For the longest time, I pretended like I was fine with being lonely – probably like the rest of you are still doing- I was very open about it to people. But as I was telling people how I was better off being by myself, there was this vivid moment when I was talking to my former therapist about it. I was telling her, "no, sincerely! I don't mind. I don't want to be friends with these people anyway." (talking about people that I haven't even known for 2 seconds).

She said," Do you think you may be isolating yourself from people even more so that you can tell yourself you're fine being on your own." For many years, those words remained imprinted in the back of my mind like a post-it note that I was unable to remove.
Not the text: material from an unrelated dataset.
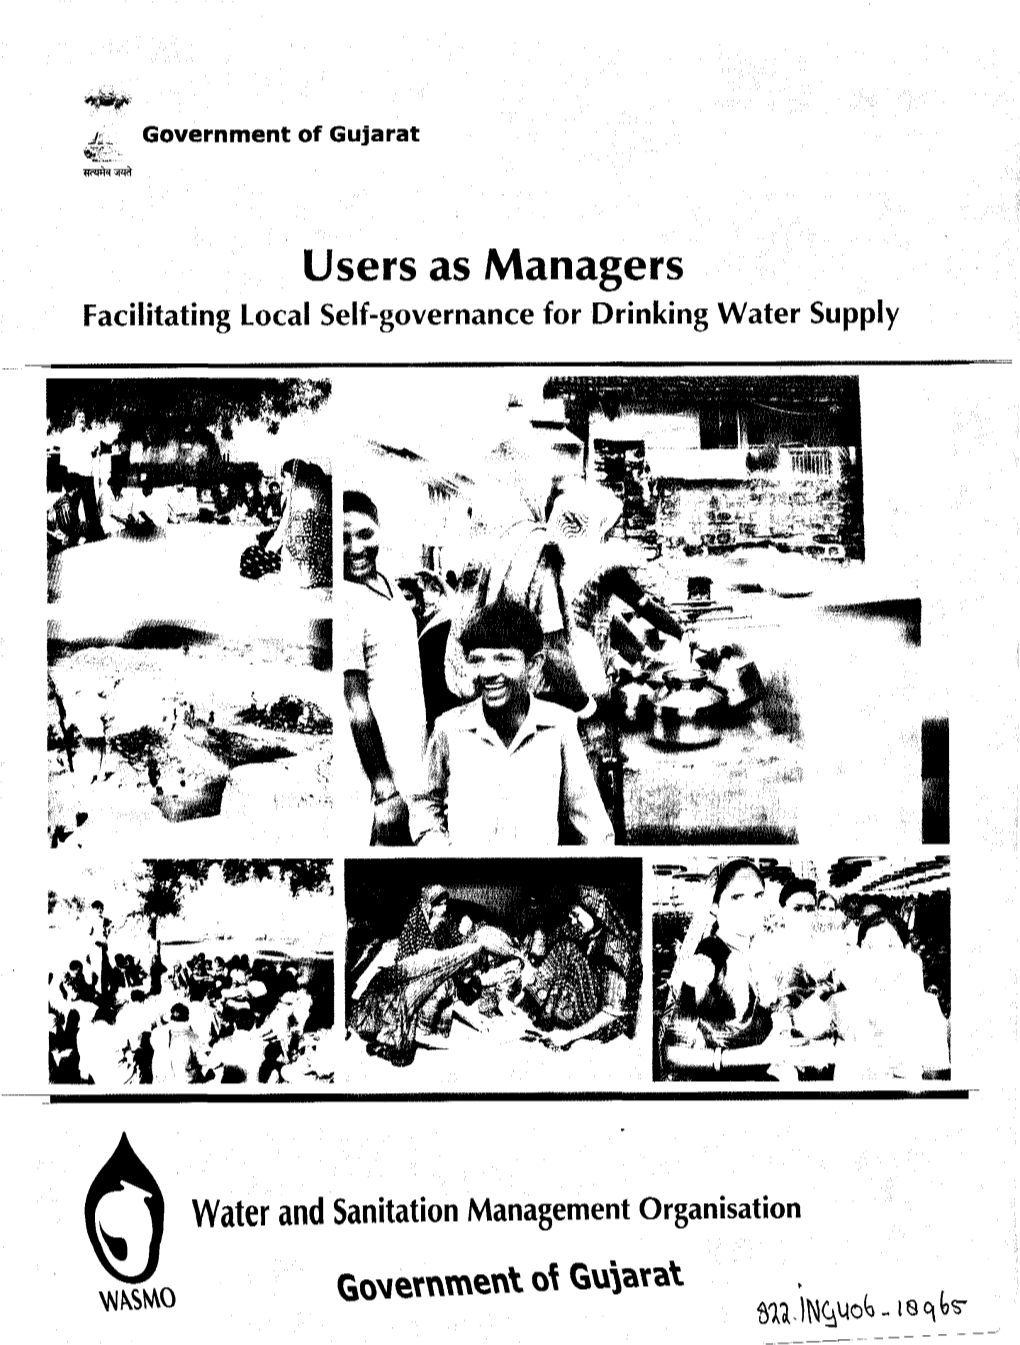 Users As Managers Facilitating Local Self-Governance for Drinking Water Supply
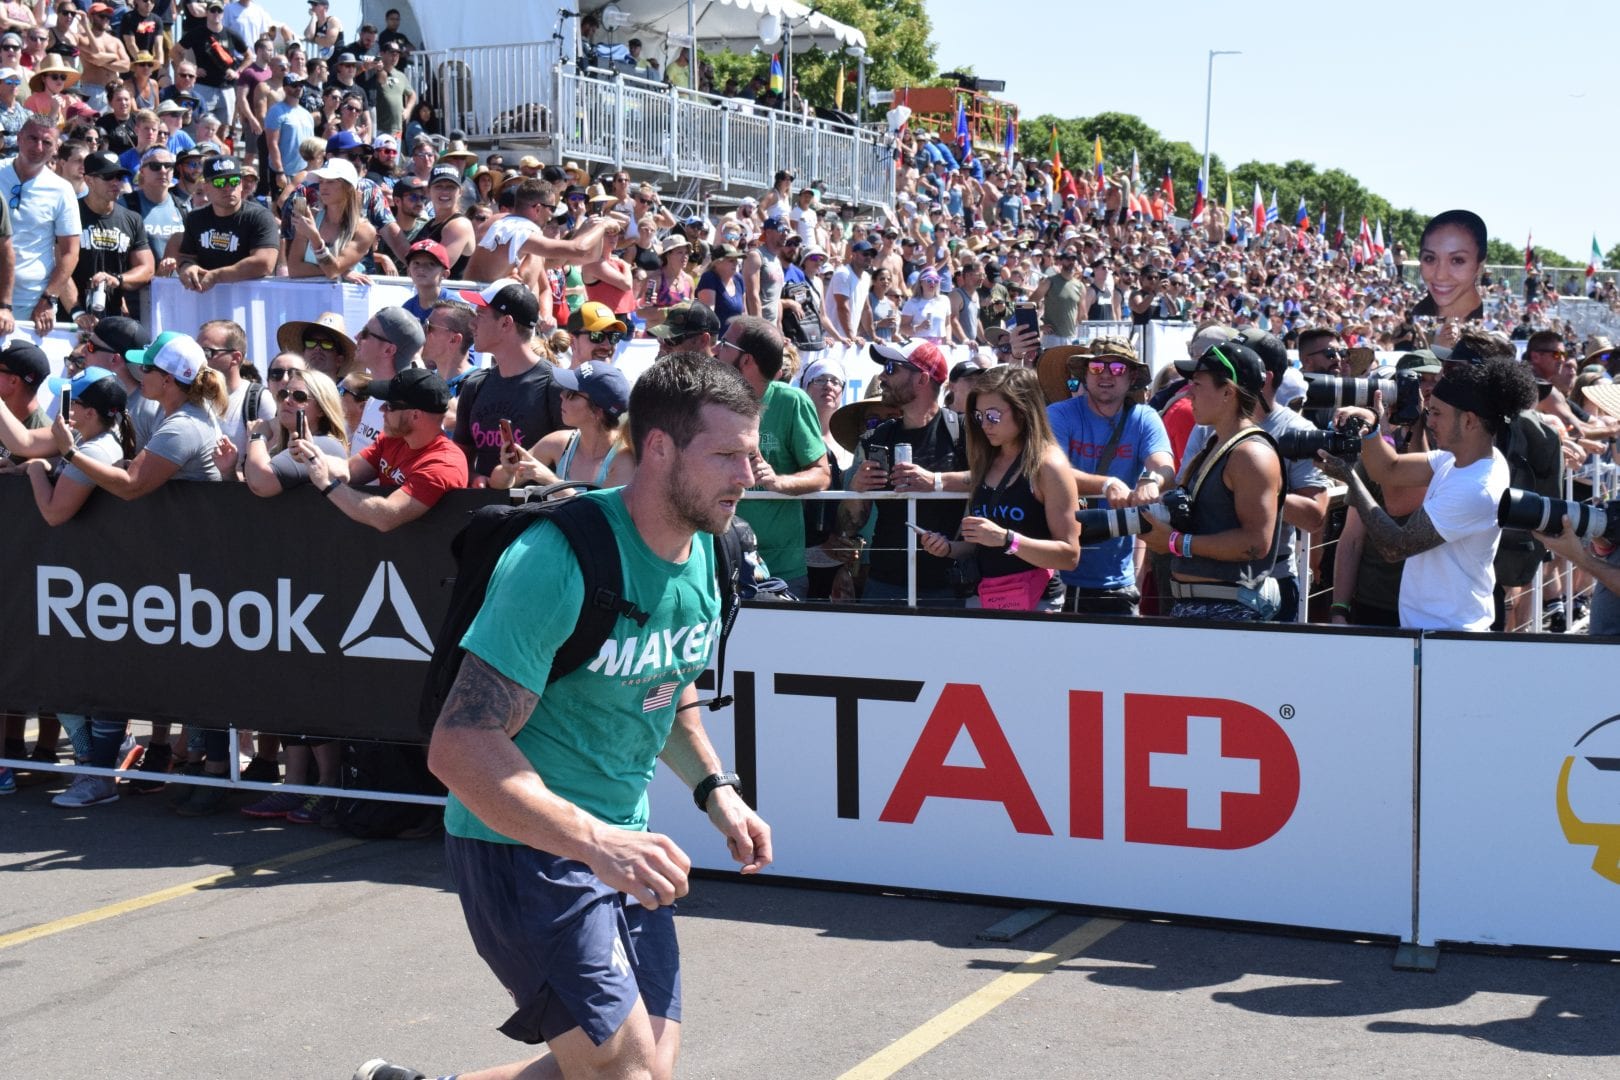 Travis Mayer completes the Ruck Run event at the 2019 CrossFit Games.

They lingered there like a discussion you had overheard your parents having in a hushed tone but that you knew was very significant, even if you couldn't comprehend it.


Medication, therapy, counselling, I've tried everything, and I can't seem to figure out a way out of this; I can't crack the code. I mean, I get that we are nurtured from the moment we are born. We become self-sufficient as we mature. Then suddenly, we are "strong, self-respecting" people. Then we think, "Hey, now is the time to return to love, compassion, and community. Not because, like babies, we require it to survive. But it's because, deep down, we're all babies. We simply enjoy each other's company. Love is something we "like." Sure, we can live without it, but sooner rather than later, we even unintentionally seek out, appreciate, and maybe even admire all forms of connection. It's human nature.


When I have long, lonely nights when my worries creep over my brain like cockroaches and I can't get to sleep, I try to think of all the good things people have explicitly done FOR me. It was so much easier when I was in middle school; the little game became a bit tedious after a while, but the main problem is that it also got shorter. I exerted all of my effort to reminisce about the moments when I had been loved and to recall what it was like to find shelter in someone's arms. There was nothing; it was blank. The pathetic irony is that I claim to have this greatest circle of friends around me, and I'm cared for deeply, yet I can't name one thing that can get me through sleepless nights. My deep-rooted fear of independency never helped me; I always had to think of other people's actions or thoughts to move forward. Maybe that's where the problem starts.



P.S. this is the first time since I've started this blog where a piece feels like a diary entry rather than something to please an audience; I don't know how to feel about that yet.